If e is less than 0.55 then Newton’s method will converge. We can verify this in Mathematica with

    NMaximize[{g[x, e, M], 0 < e < 0.55, 0 <= M <= Pi, 
        Abs[M - x] < 0.5}, {x, e, M}]

which returns a maximum value of 0.93. The maximum value is an increasing function of the upper bound on e, so converting for e = 0.55 implies converging for e < 0.55. On the other hand, we get a maximum of 1.18 when we let e be as large as 0.60. This doesn’t mean Newton’s method won’t converge, but it means our sufficient condition cannot guarantee that it will converge.

A better starting point

John Machin (1686–1751) came up with a very clever, though mysterious, starting point for solving Kepler’s equation with Newton’s method. Machin didn’t publish his derivation, though later someone was able to reverse engineer how Machin must have been thinking. His starting point is as follows.

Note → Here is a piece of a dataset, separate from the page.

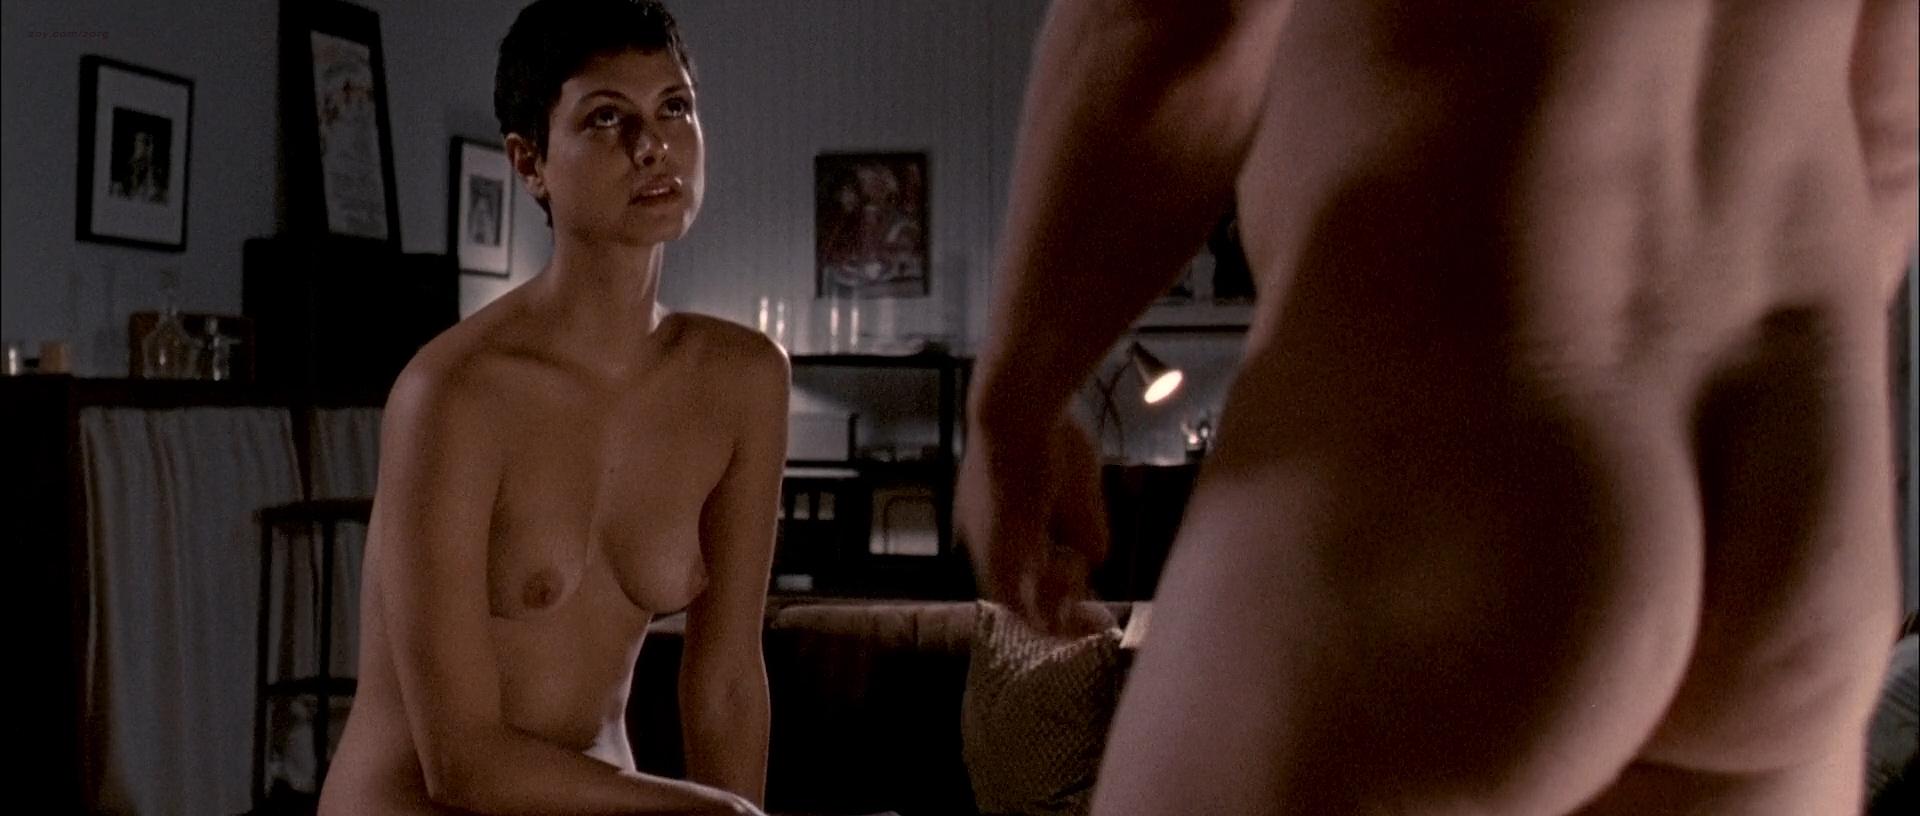 Morena Baccarin nude topless, Vanessa Kai nude sex - Death in Love (2008) hd 1080p Bluray (10)

\begin{align*} n &= \sqrt{5 + \sqrt{16 + \frac{9}{e}}} \\ M &= n \left((1-e)s + \frac{e(n^2 - 1) + 1}{6}s^3 \right) \\ x_0 &= n \arcsin s \end{align*}

This produces an adequate starting point for Newton’s method even for values of e very close to 1.

Notice that you have to solve a cubic equation to find s. That’s messy in general, but it works out cleanly in our case. See the next post for a Python implementation of Newton’s method starting with Machin’s starting point.

There are simpler starting points that are better than starting with M but not as good as Machin’s method. It may be more efficient to spend less time on the best starting point and more time iterating Newton’s method. On the other hand, if you don’t need much accuracy, and e is not too large, you could use Machin’s starting point as your final value and not use Newton’s method at all. If e < 0.3, as it is for every planet in our solar system, then Machin’s starting point is accurate to 4 decimal places (See Appendix C of Colwell’s book).